We’ll convince him of the need to accept it: Jayachandra

The issue of appointment of a chairperson to the Karnataka State Human Rights Commission (KSHRC) continues to remain unresolved, with protests by Kannada organisations over the selection of the former Chief Justice of the Delhi High Court Darmar Murugesan and the latter, consequently, expressing his reluctance to take up the offer.

Minister for Law, Justice and Human Rights T.B. Jayachandra confirmed to The Hindu that Mr. Murugesan had communicated to the government his reluctance in the light of the protests.

The protesting organisations have contended that the chairperson of the KSHRC should be able to communicate in the local language.

‘Impeccable record’

The Minister, however, said that the government was trying to convince Mr.

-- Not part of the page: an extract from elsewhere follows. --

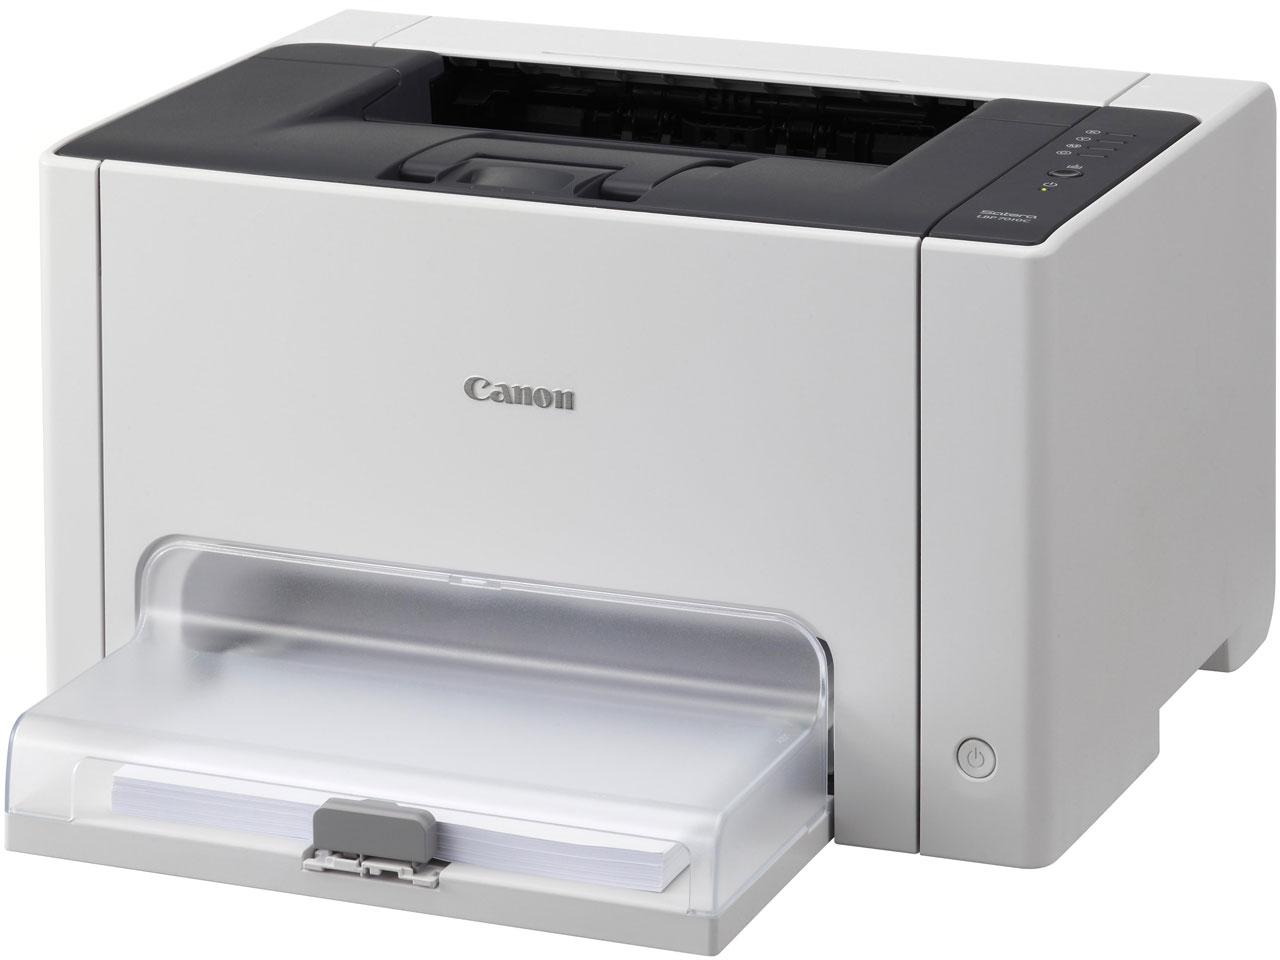 Canon Tiskárna LBP 7010C ( color, 16 str./min. Black, 4str. /min. color, A4, 600x600) white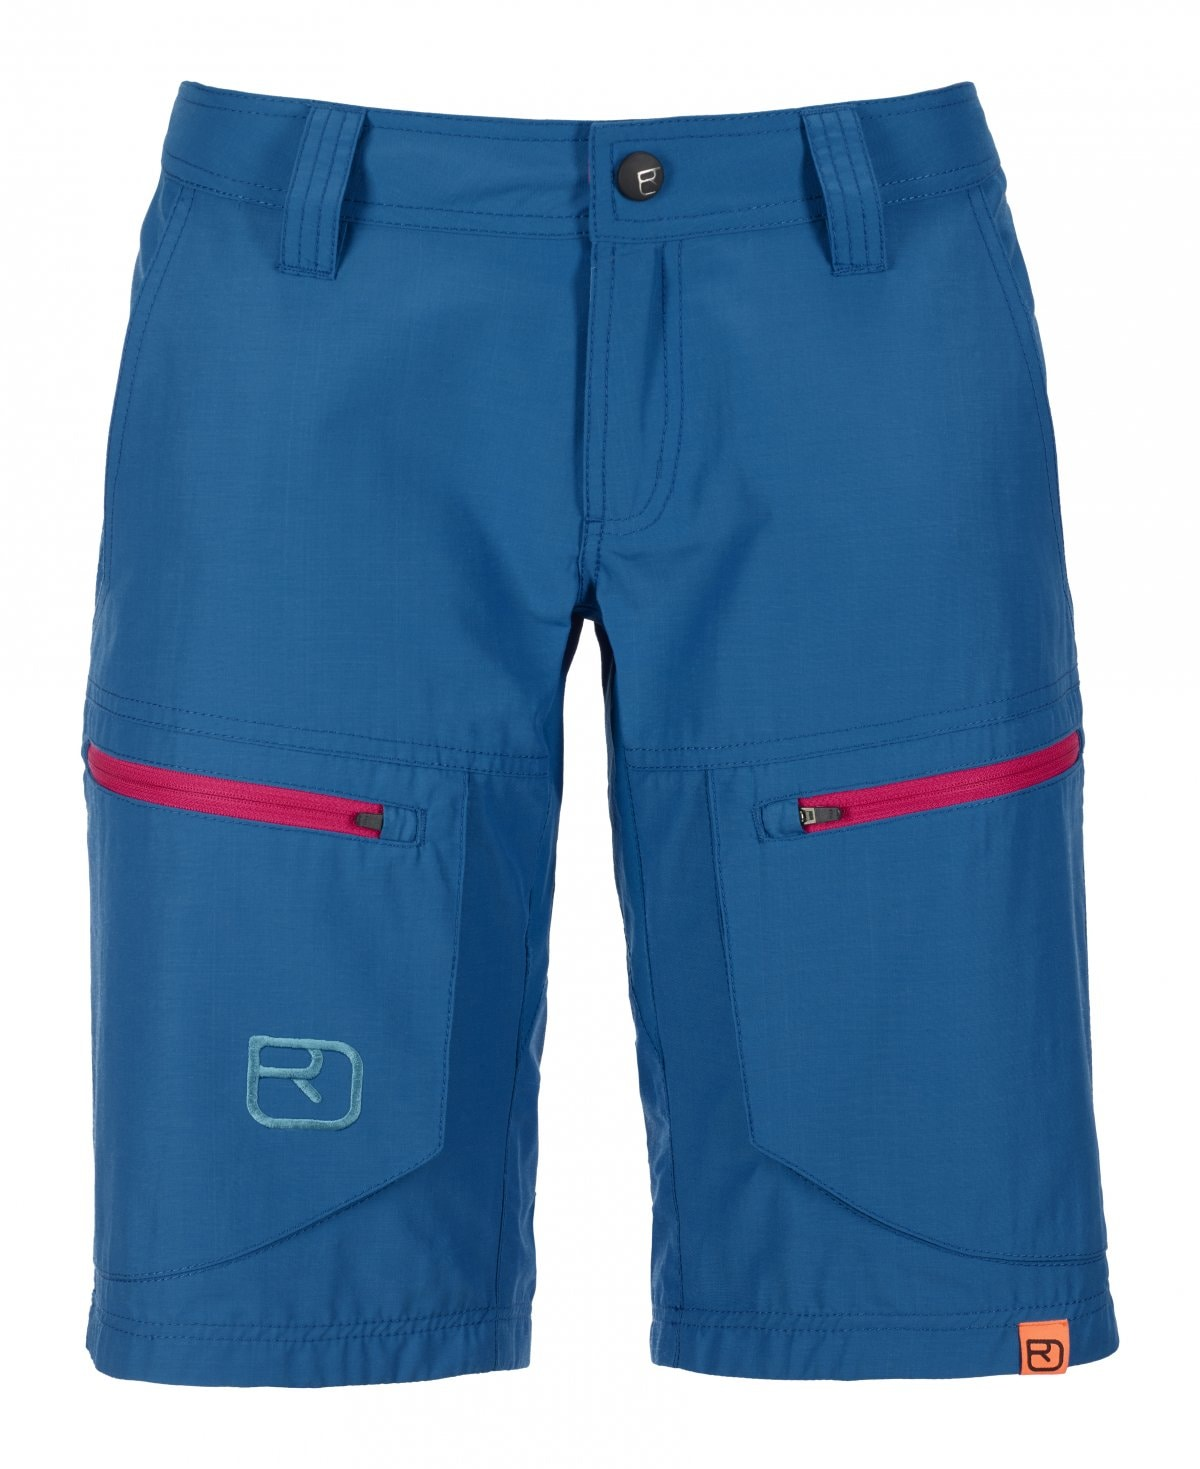 Ortovox Shorts Vintage Cargo, W's

Murugesan to reconsider his decision. “I tried to meet him when I was in Delhi a few days ago. I am going to meet him on January 17 and try to convince him again,” he said. The Minister described Mr. Murugesan as “the most eligible and dynamic” person for the post with “an impeccable record”.

The KSHRC chairperson’s post has been vacant after S.R. Nayak demitted office in July 2012, and the delay in appointment of a person to fill the post has been widely criticised.

Protest

On Human Rights Day (December 10), a group of activists staged a protest and prevented Mr. Jayachandra from speaking until he promised that the post would be filled before the end of the month.

Petition

A petition was also filed before the Karnataka High Court by the Human Rights Defenders’ Forum (Karnataka), seeking a direction to the State to fill the post immediately.

Mr. Murugesan’s nomination was finalised on December 17 in a meeting chaired by Chief Minister Siddaramaiah.

The former Supreme Court judge R.V. Raveendran’s name was also proposed for the post, but he turned down the offer.

Mr. Murugesan was Chief Justice of the Delhi High Court and has served as member of the National Human Rights Commission.

‘Impossible’

Reacting to the controversy, Mr. Nayak said that asking for appointment of a person from Karnataka under the present circumstances amounted to “asking for the impossible”.

He said that anyone who heads the post has to be either a former Chief Justice of a High Court or a judge of the Supreme Court. He should also be aged below 70.

“Given these conditions, it is hard to think of any local person for the post. Some who are eligible are said to have refused,” he said. “So the government has no option but to find someone from outside Karnataka,” he added.

Mr. Nayak also said that the government should have started the process of looking for someone to fill the post a few months before his retirement in 2012 rather than drag its feet for so long on it.